EXERCISE DATA:

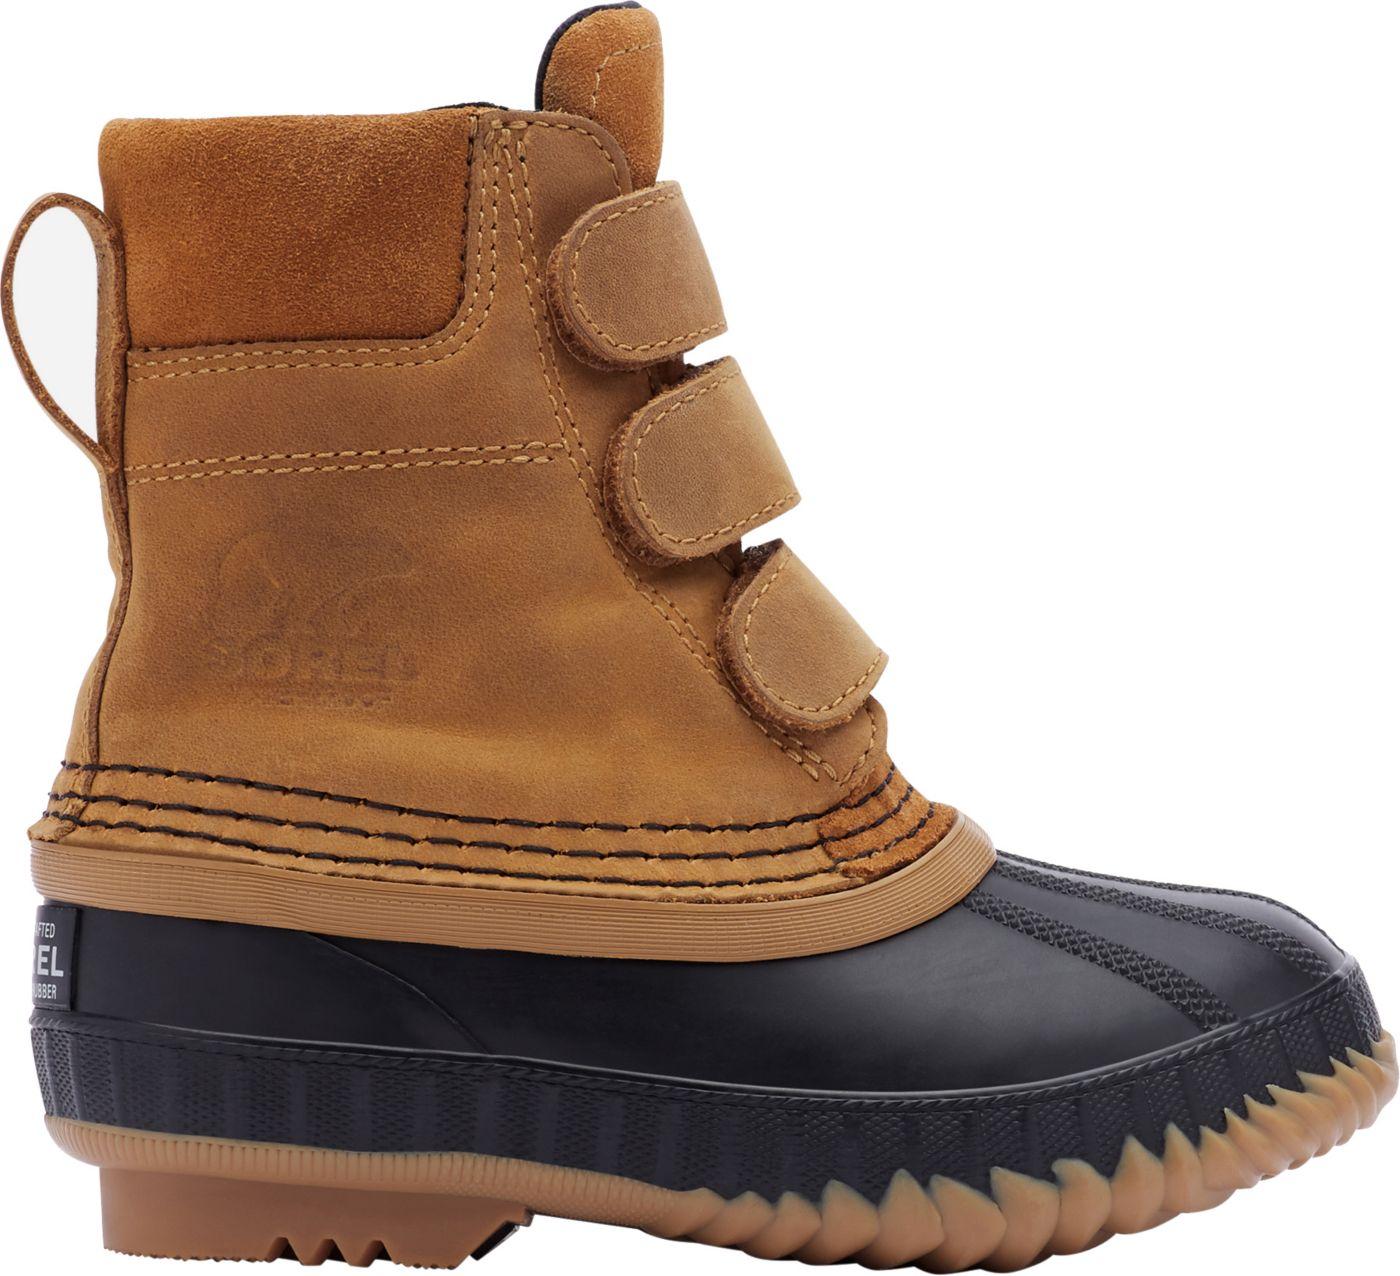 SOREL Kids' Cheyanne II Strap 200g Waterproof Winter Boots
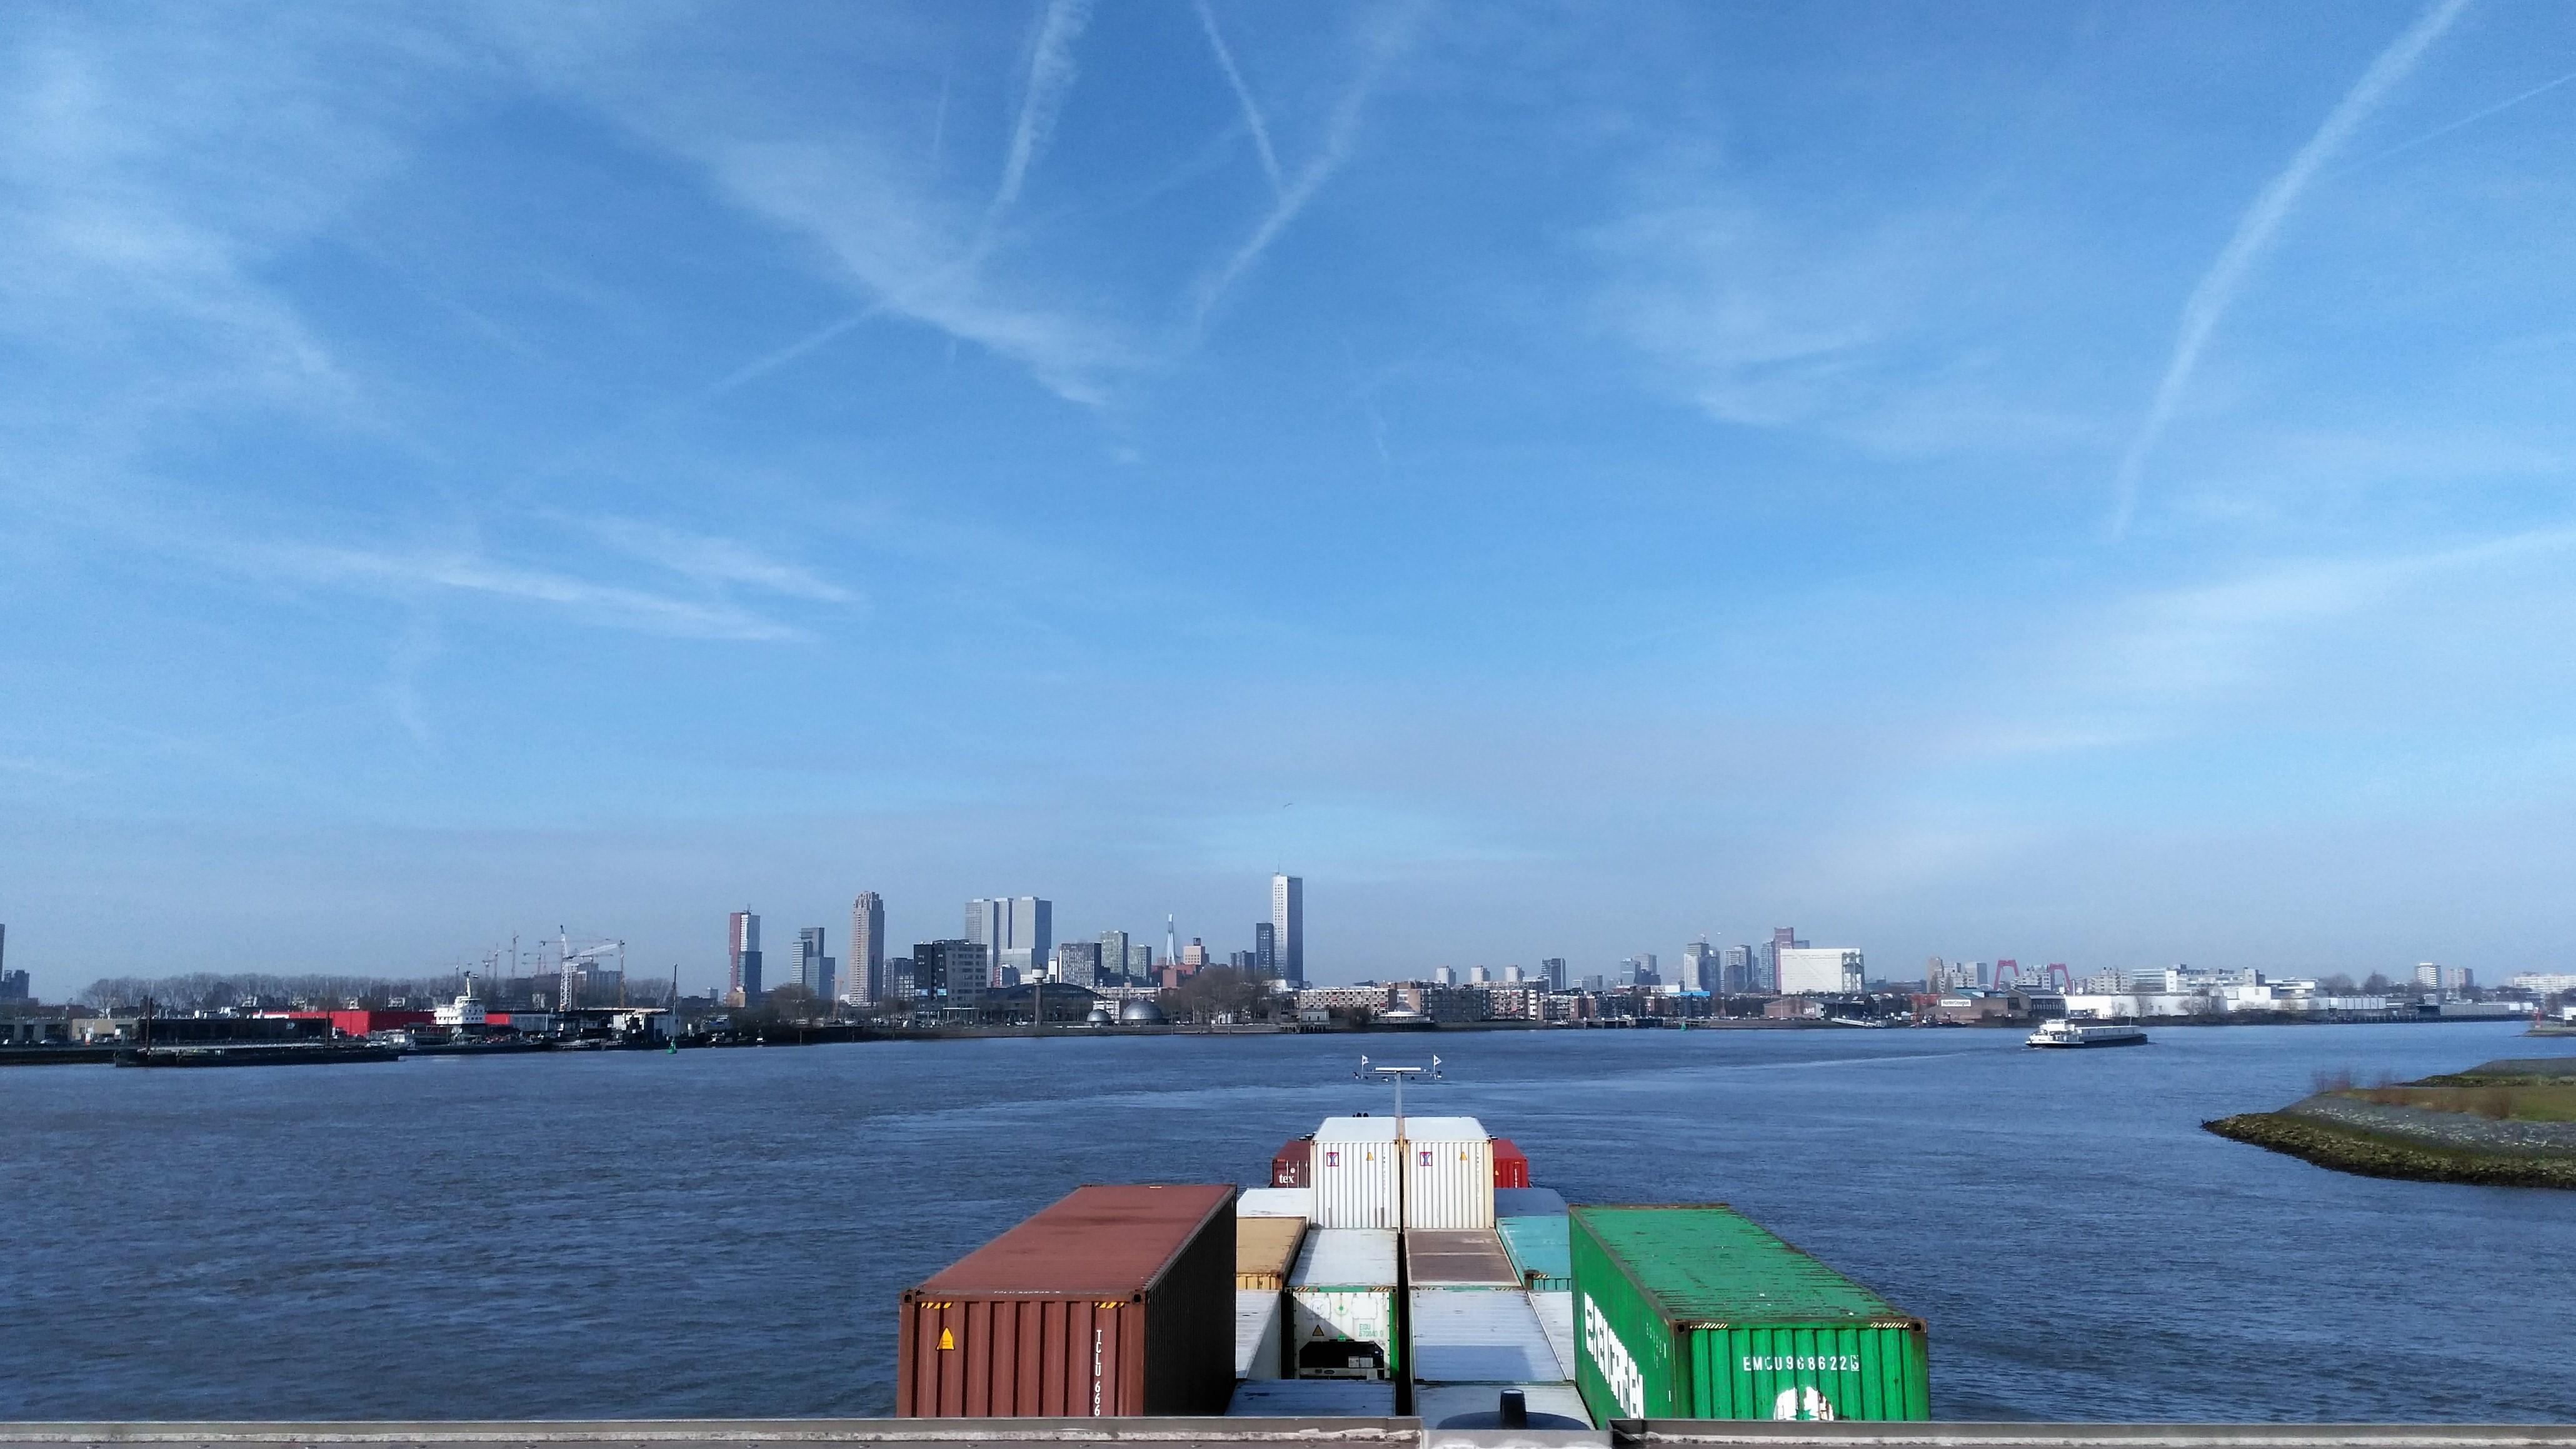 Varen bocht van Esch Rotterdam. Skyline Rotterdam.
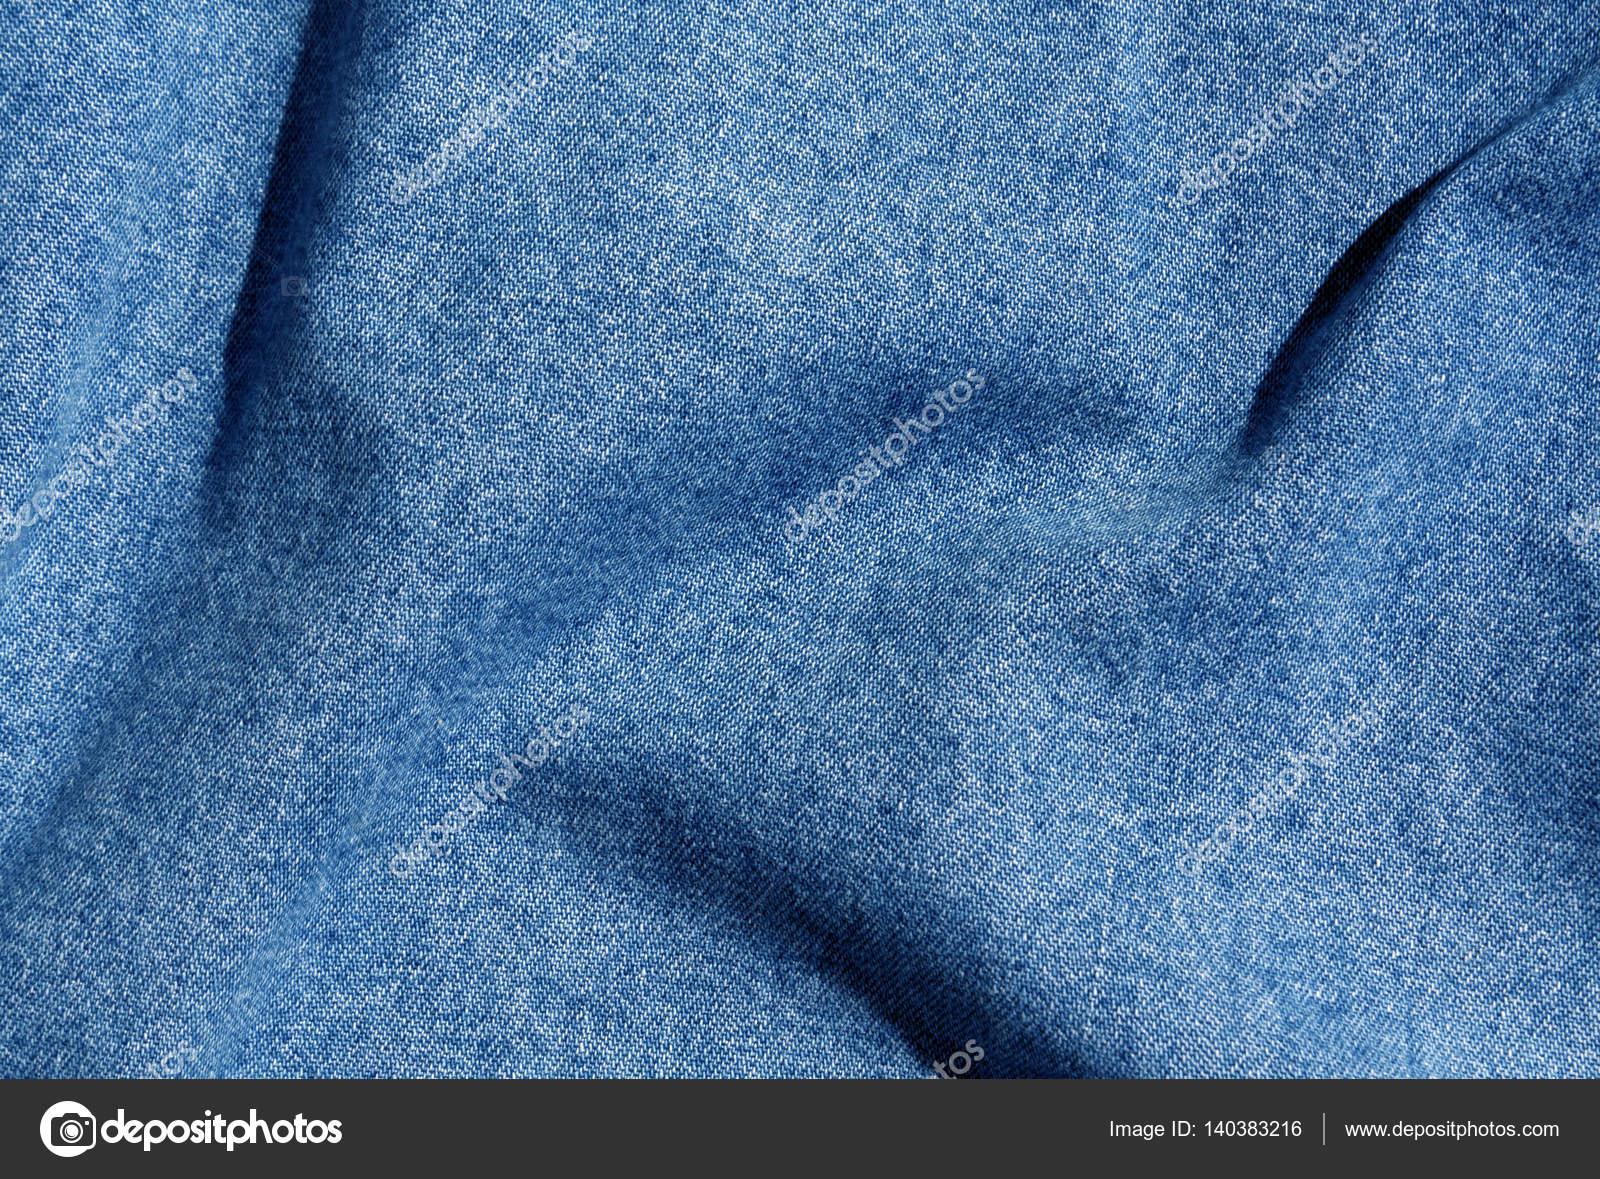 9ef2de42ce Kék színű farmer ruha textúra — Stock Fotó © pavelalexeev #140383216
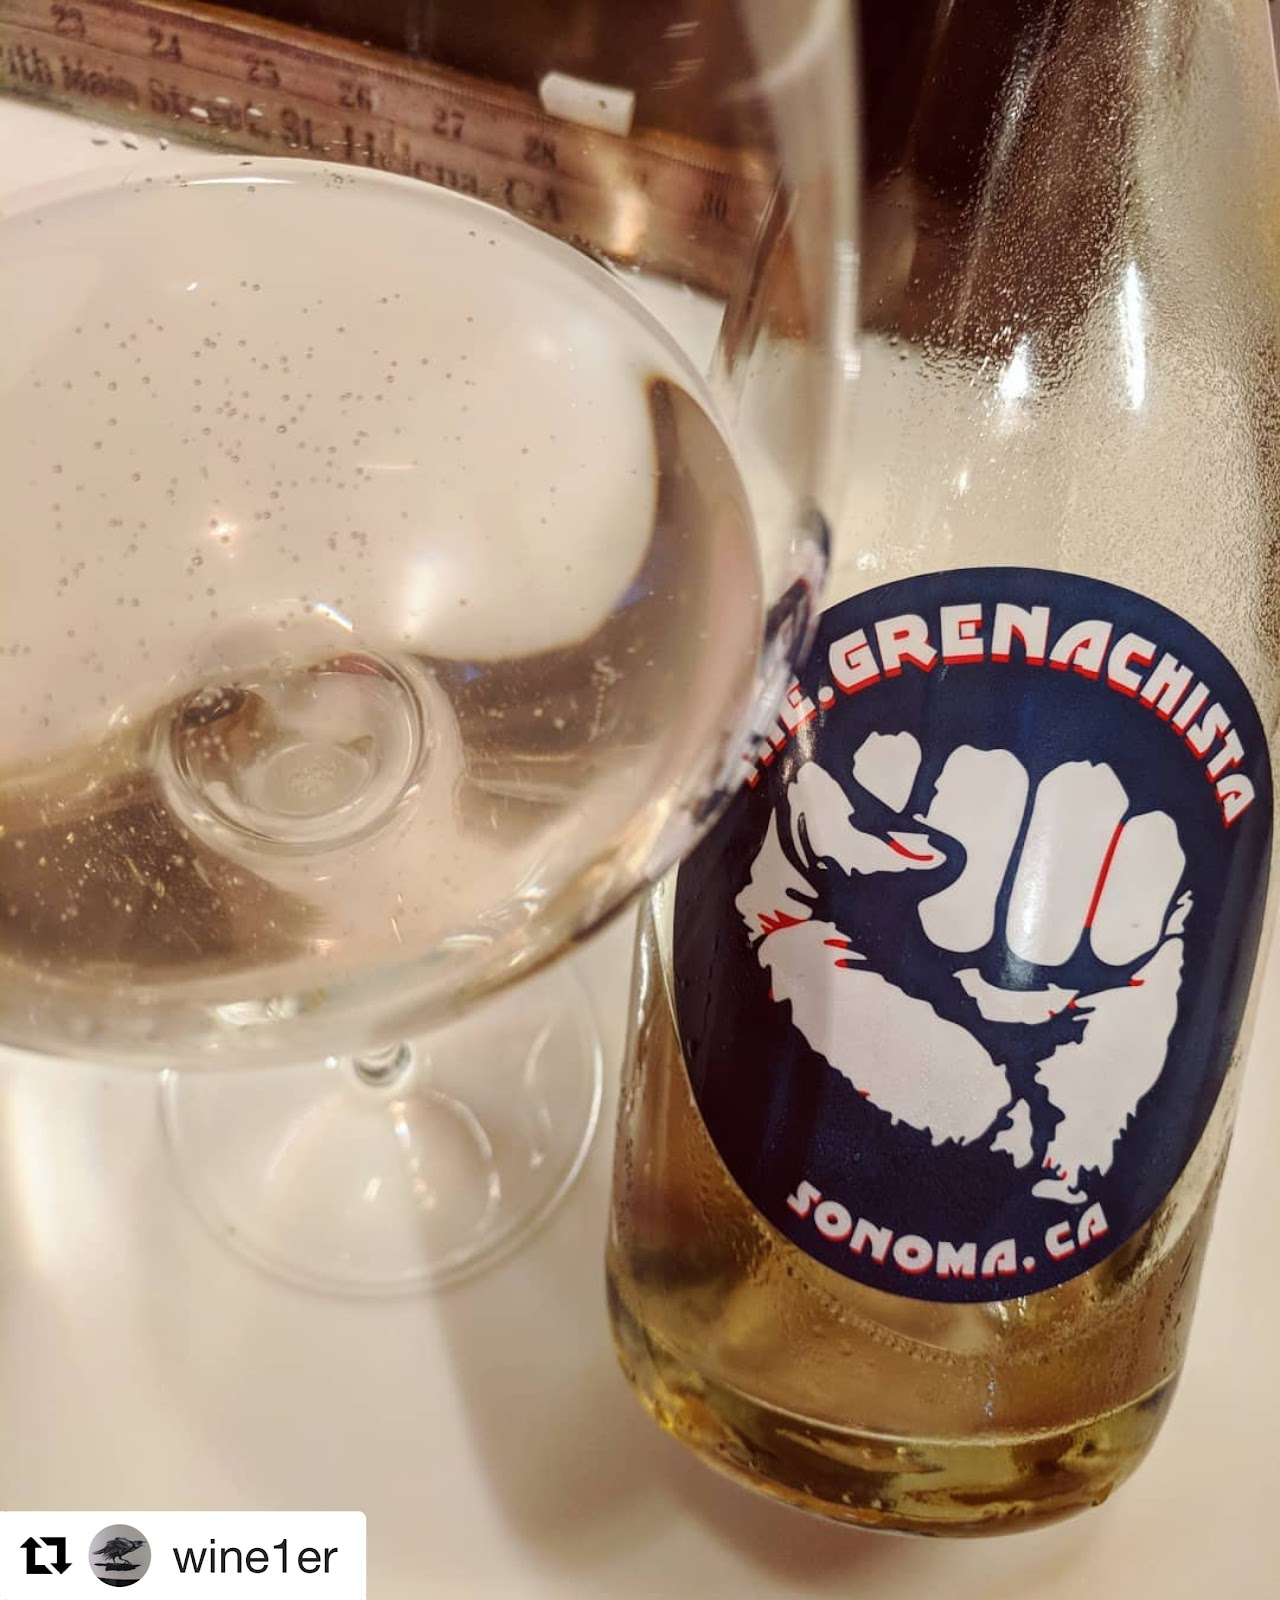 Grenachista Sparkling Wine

EXERCISE AIM:
Once the line with "9ef2de42ce Kék színű" is found, output it and every line after it through the end of the listing, exactly, without pictures.

REPLY:
 9ef2de42ce Kék színű farmer ruha textúra — Stock Fotó © pavelalexeev #140383216
 Grenachista Sparkling Wine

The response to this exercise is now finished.